**SOURCE MATERIAL:**
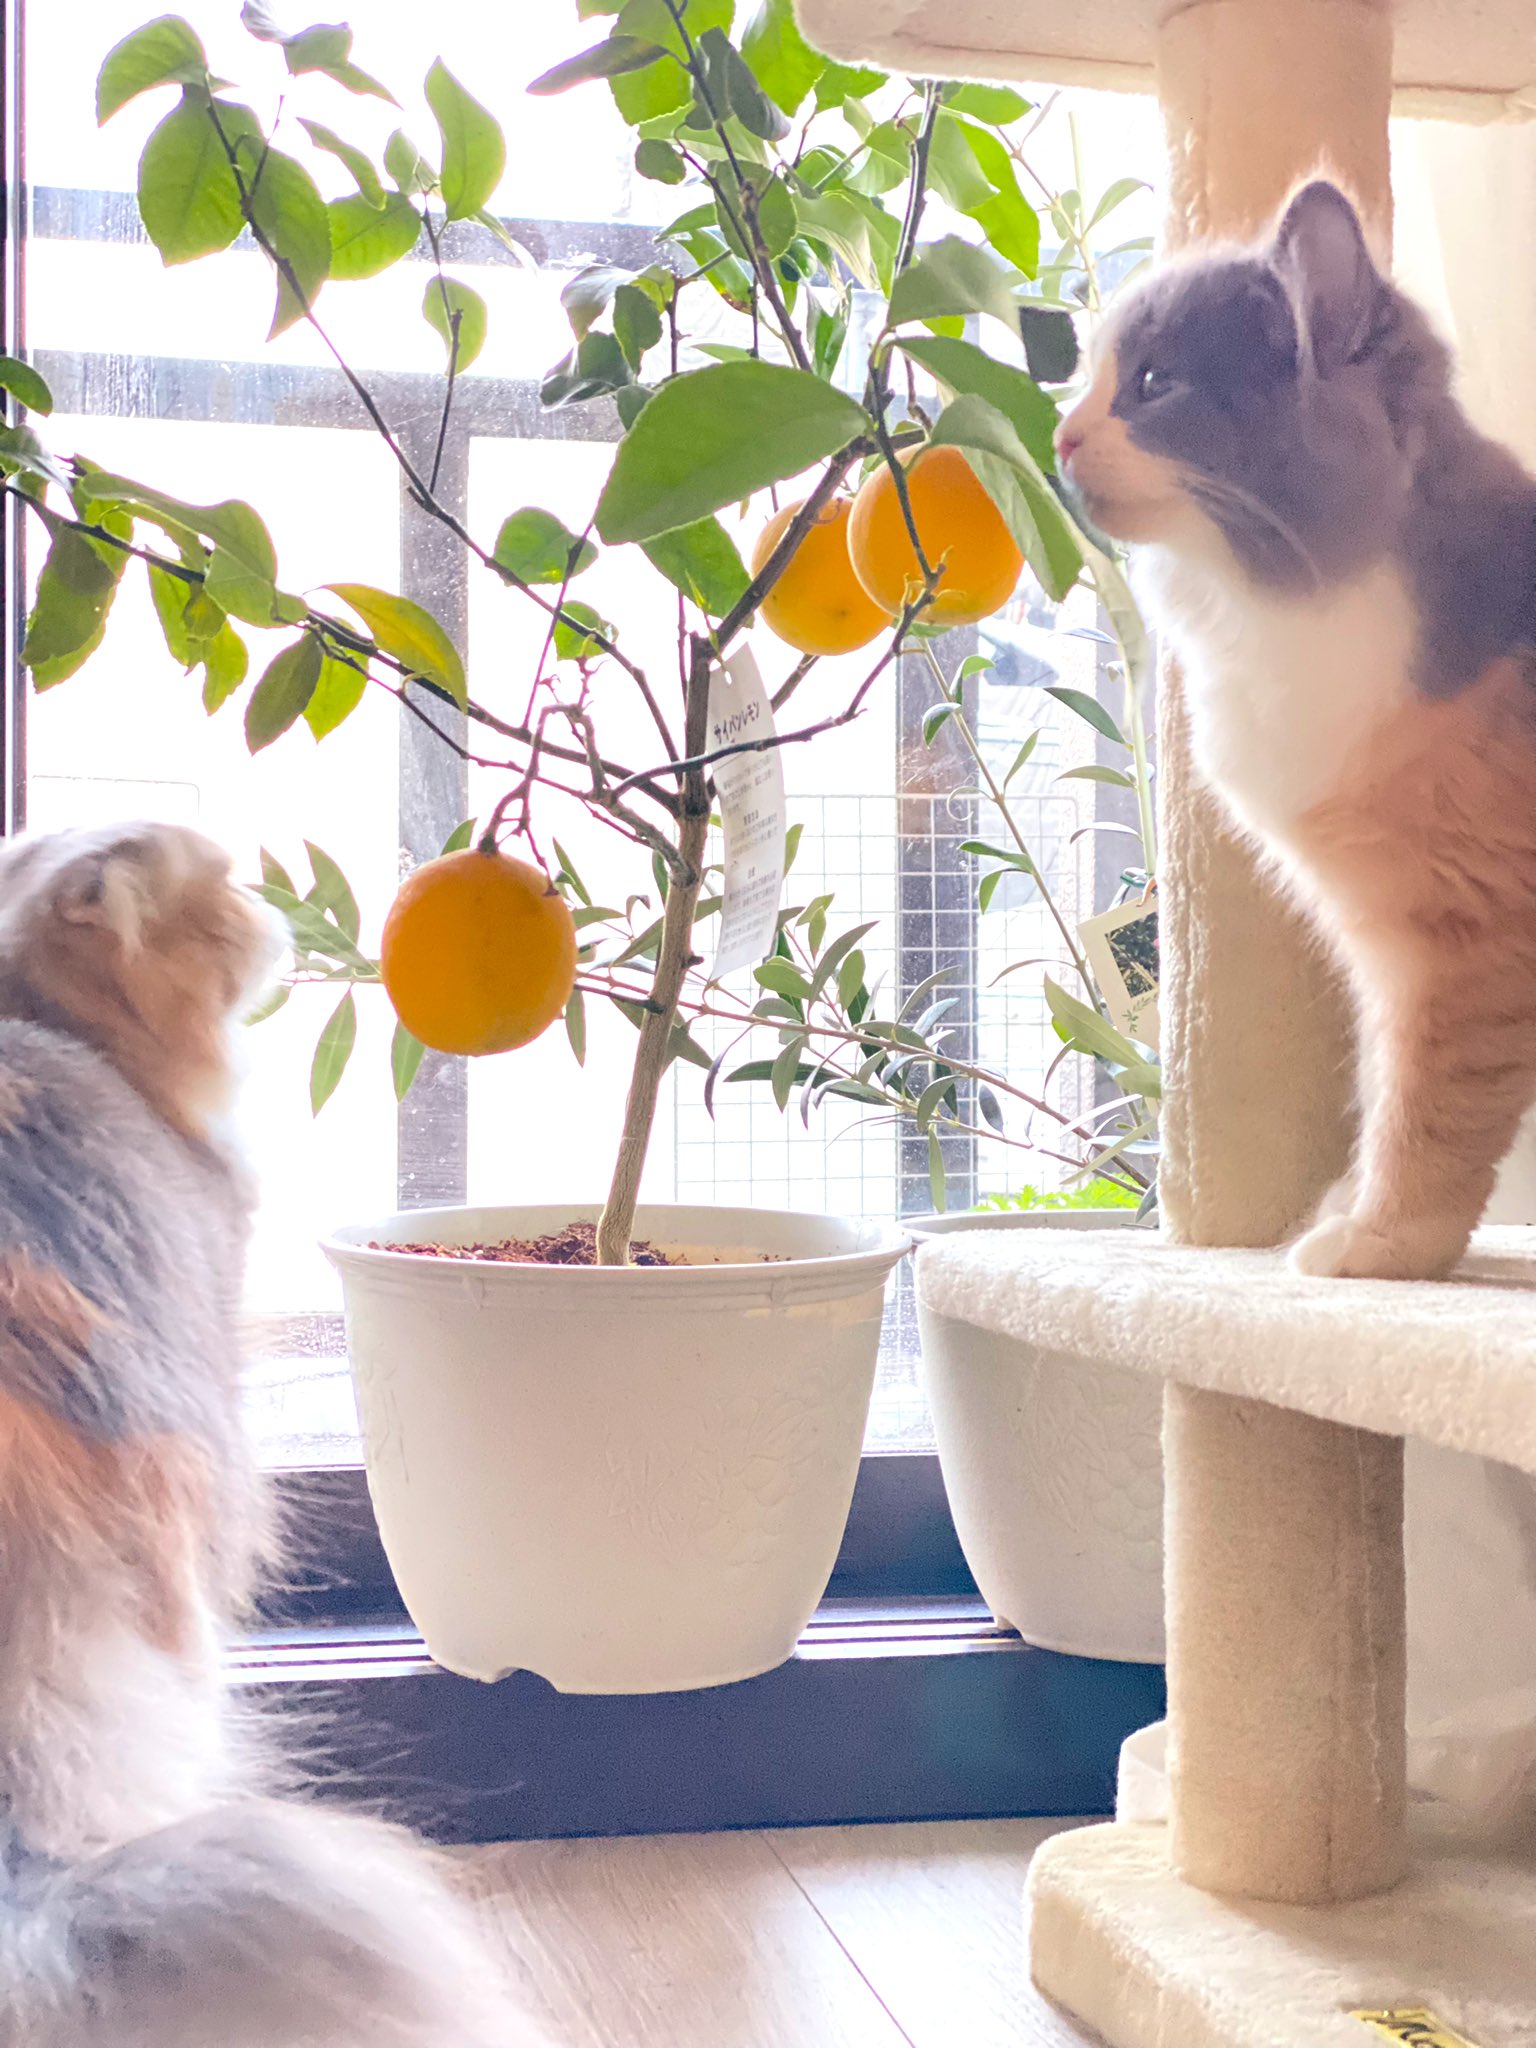 Negitoro Cat 外壁工事の為 植物は室内置きになるのでお片付けにゃ レモン 檸檬 れもん Catsontwitter T Co C2bieu61sn Twitter
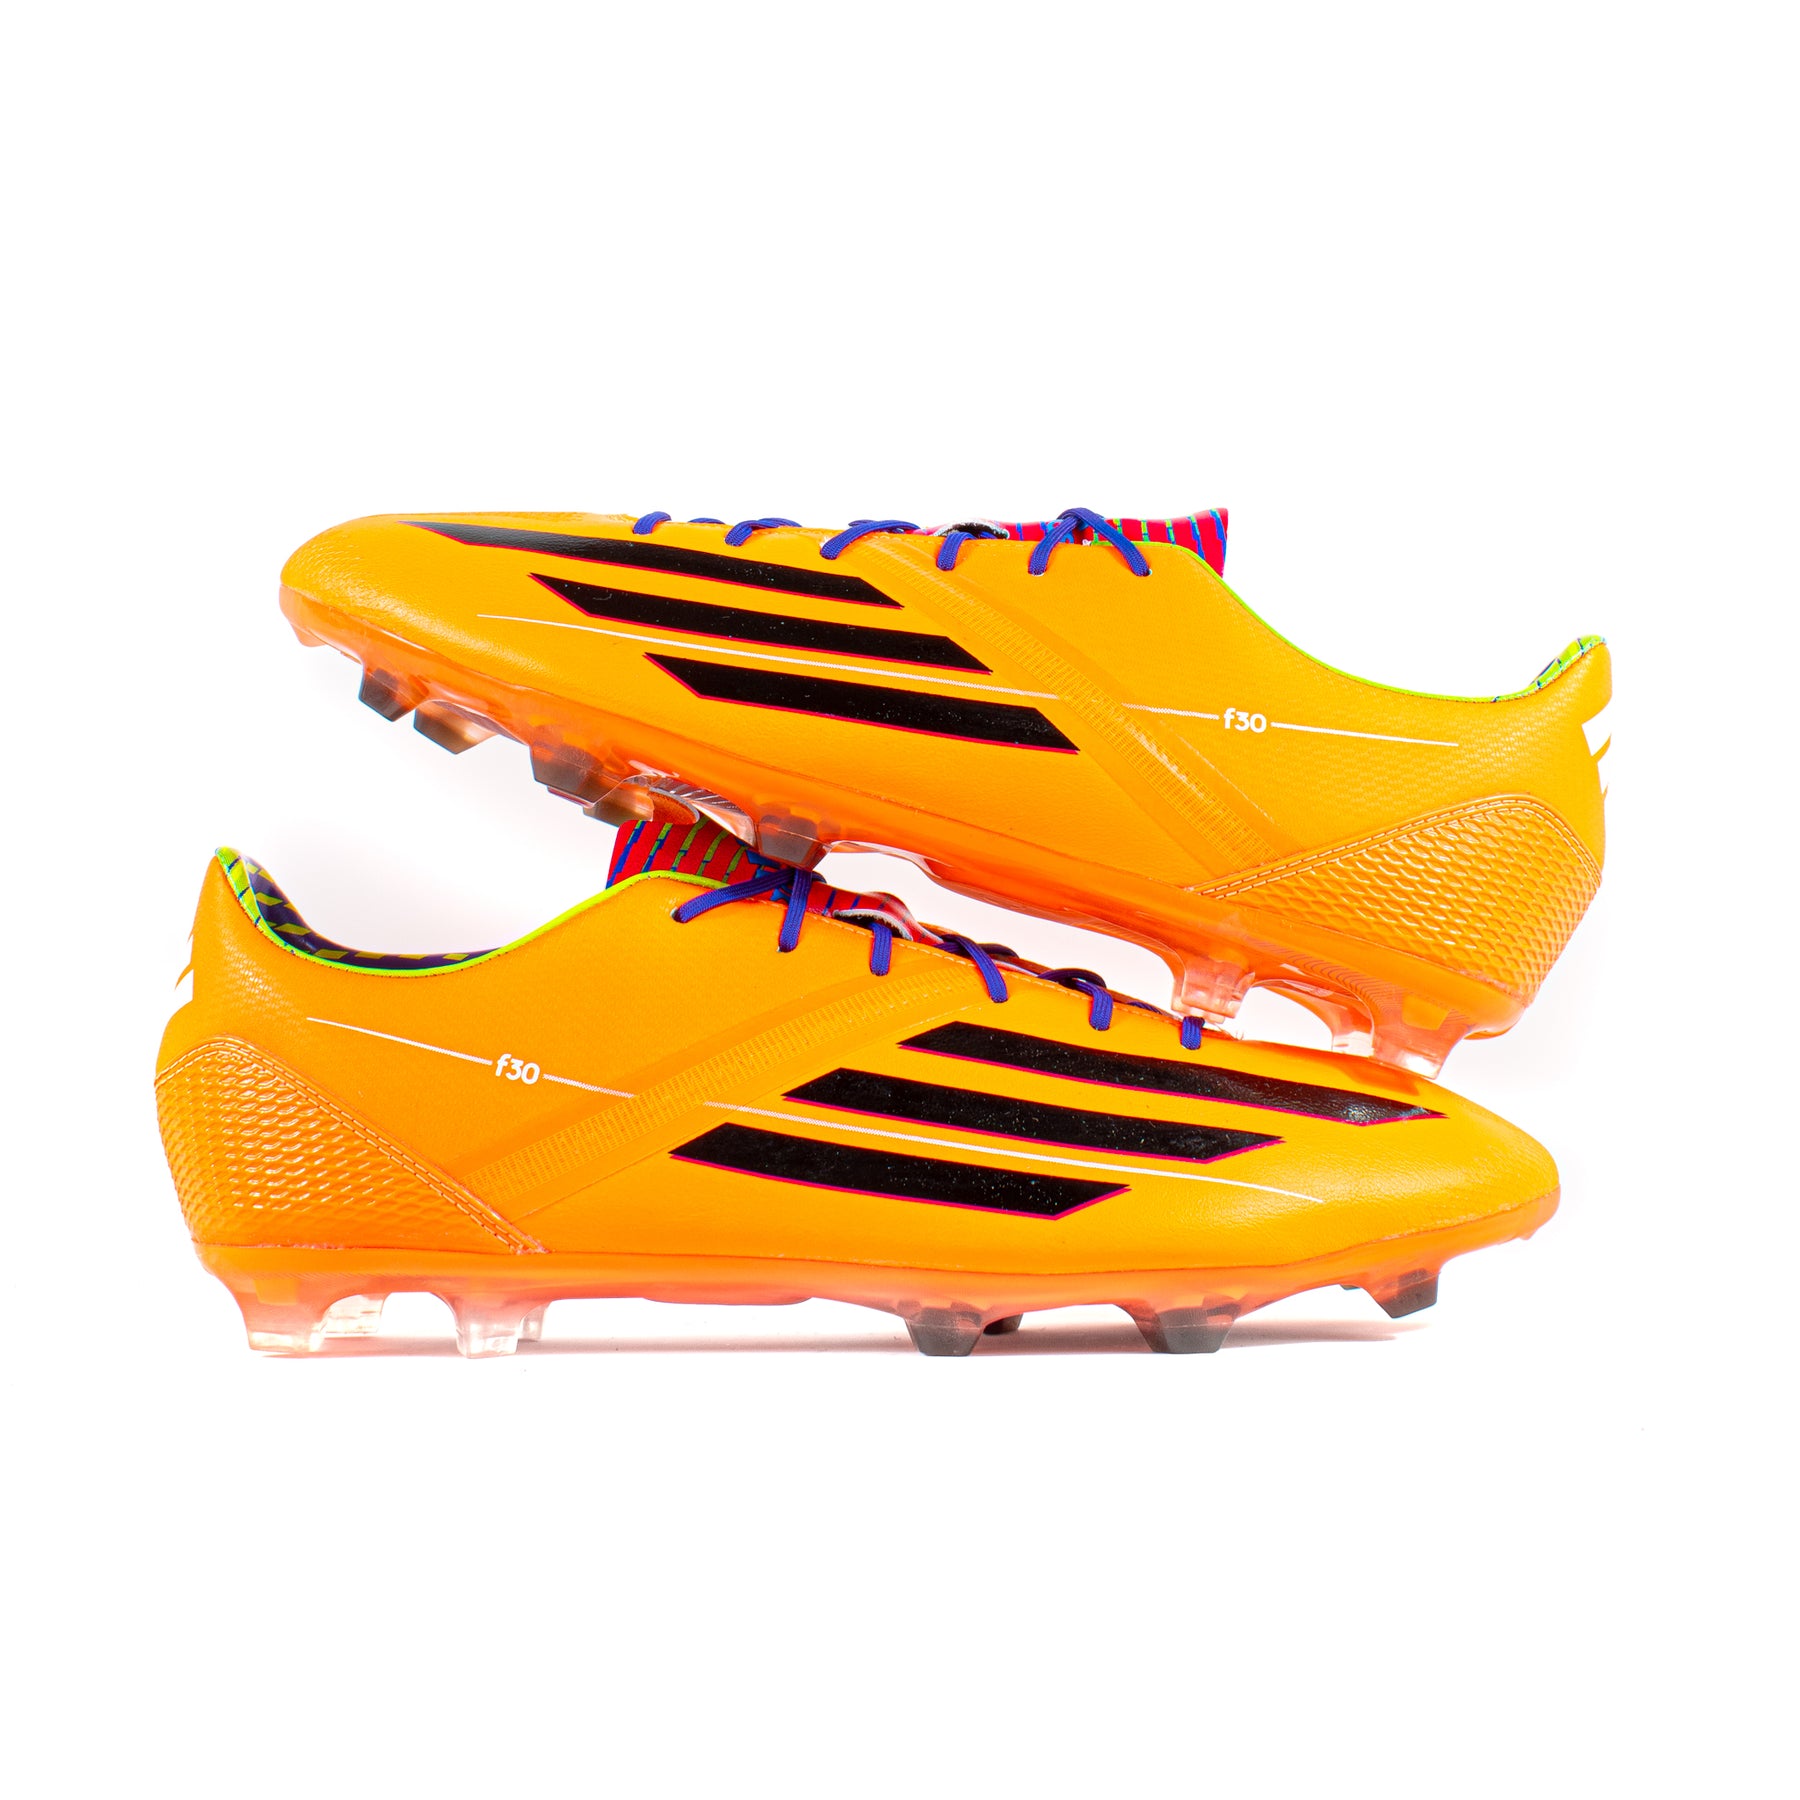 Adidas Samba FG – Soccer Cleats
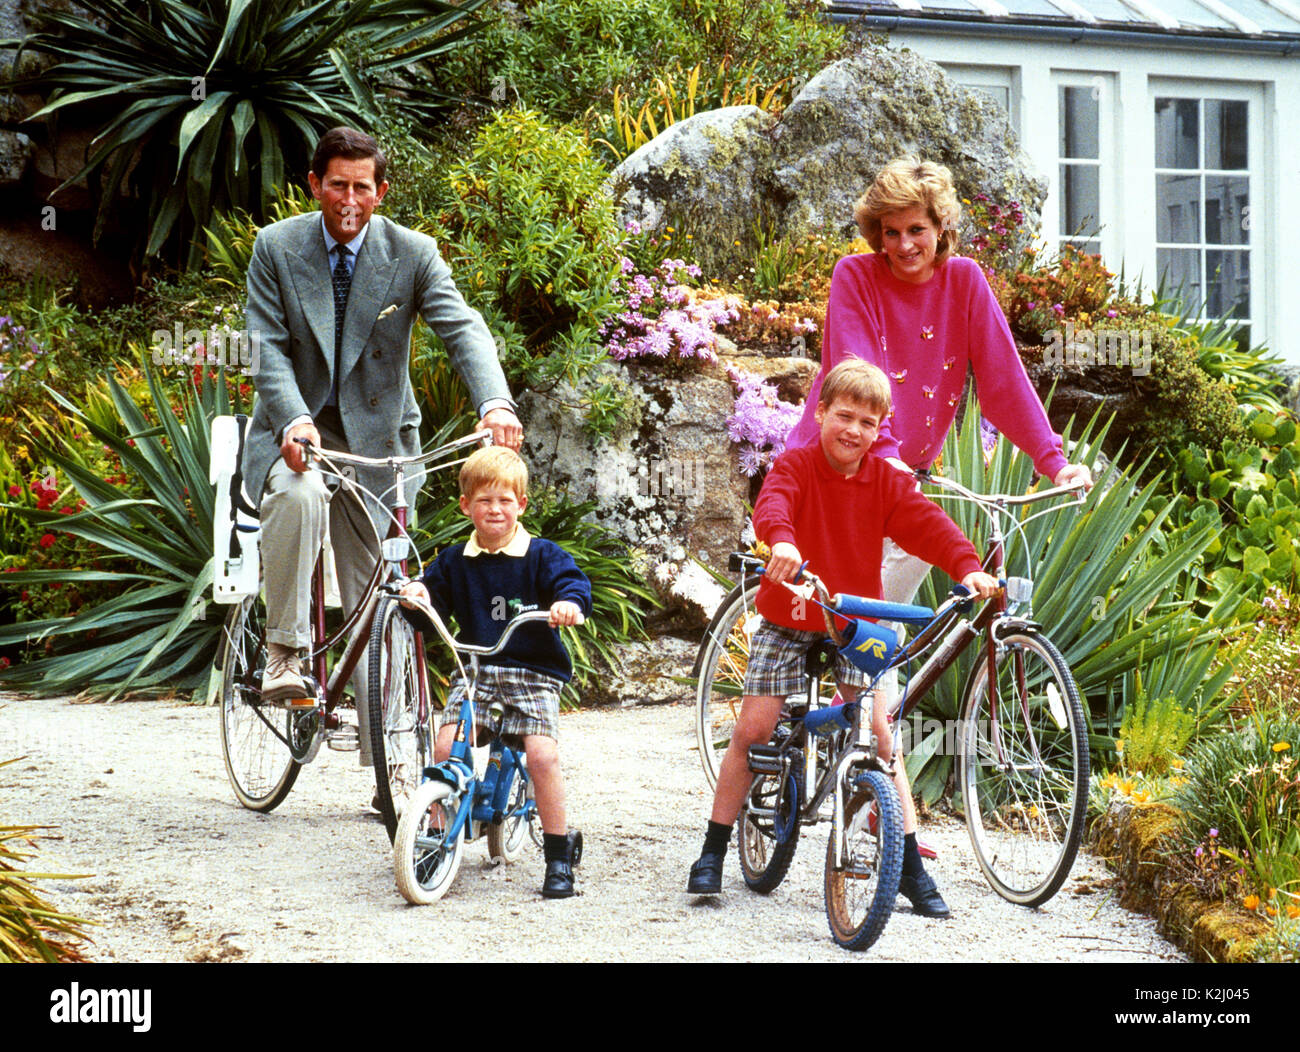 Photo du dossier datée du 01/06/89 du prince et de la princesse de Galles avec ses fils, le prince William, à droite, et le prince Harry se préparent à un voyage à vélo à Tresco pendant leurs vacances dans les îles Scilly, alors que le 20e anniversaire de la mort de Diana sera commémoré jeudi. Banque D'Images

**TASK DETAILS:** Return the listing above in full and unaltered. Keep the pictures out.

**EXERCISE RESULT:**
 Negitoro Cat 外壁工事の為 植物は室内置きになるのでお片付けにゃ レモン 檸檬 れもん Catsontwitter T Co C2bieu61sn Twitter
 Adidas Samba FG – Soccer Cleats
 Photo du dossier datée du 01/06/89 du prince et de la princesse de Galles avec ses fils, le prince William, à droite, et le prince Harry se préparent à un voyage à vélo à Tresco pendant leurs vacances dans les îles Scilly, alors que le 20e anniversaire de la mort de Diana sera commémoré jeudi. Banque D'Images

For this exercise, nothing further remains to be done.